Because of a substantial reduction in newborn female infants, those homozygous for TT has been observed previously (Rozen et al., 1999), we further explored analyses stratified by sex. Combining all race/ethnic groups did not reveal substantial elevations in estimated risks for severe mental retardation for males or females associated with the TT or CT genotypes. Analyses stratified by sex and maternal race/ethnicity (Hispanic and White non-Hispanic only) revealed that all 10 Hispanic case children with the TT genotype were males (OR = 5.4 [95% CI: 1.8–16.3]), whereas one in three White non-Hispanic case children with the TT genotype was male (OR = 0.2 [CI: 0.02–1.5]). Thus, numbers were too sparse to derive further inference.
Our study is the first to investigate variants of this folate-related gene as possible risk factors for severe mental retardation. The observed findings of no overall increased risk for severe mental retardation among children homozygous for the C677T genotype and a possible association specifically among Hispanic male children will require further study before firm inferences can be drawn.
The prevalence of severe mental retardation in the general population is ∼3.0 per 1,000 live births, and causes remain unknown for a large proportion of cases.

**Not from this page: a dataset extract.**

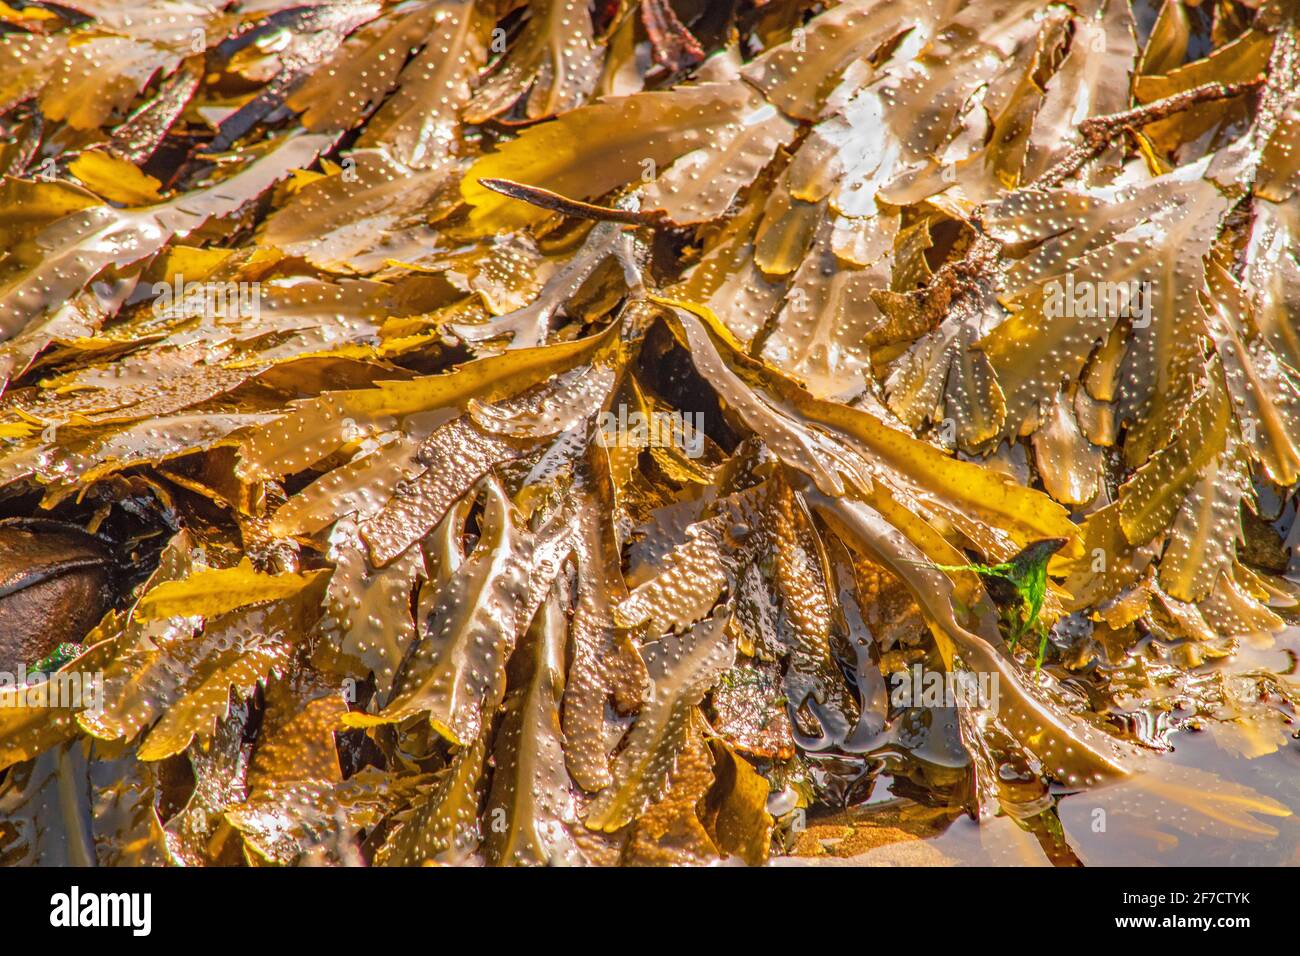 The yellowing drying serrated wrack seaweed by the tidal pool with ubbles of air pockets. Stock Photo

A paucity of epidemiologic studies has investigated genetic associations likely to be involved in the etiologies of severe mental retardation. Mechanisms underlying risk reductions associated with prenatal folate intake are important in the etiologies of many congenital anomalies, and such lines of inquiry may be revealing for mental retardation as well, given the relationships between mental retardation and birth defects (Jelliffe-Pawlowski et al., 2003; Decoufle et al., 2001) and potential relationships between folate, DNA methylation, and mental retardation (Costello and Plass, 2001).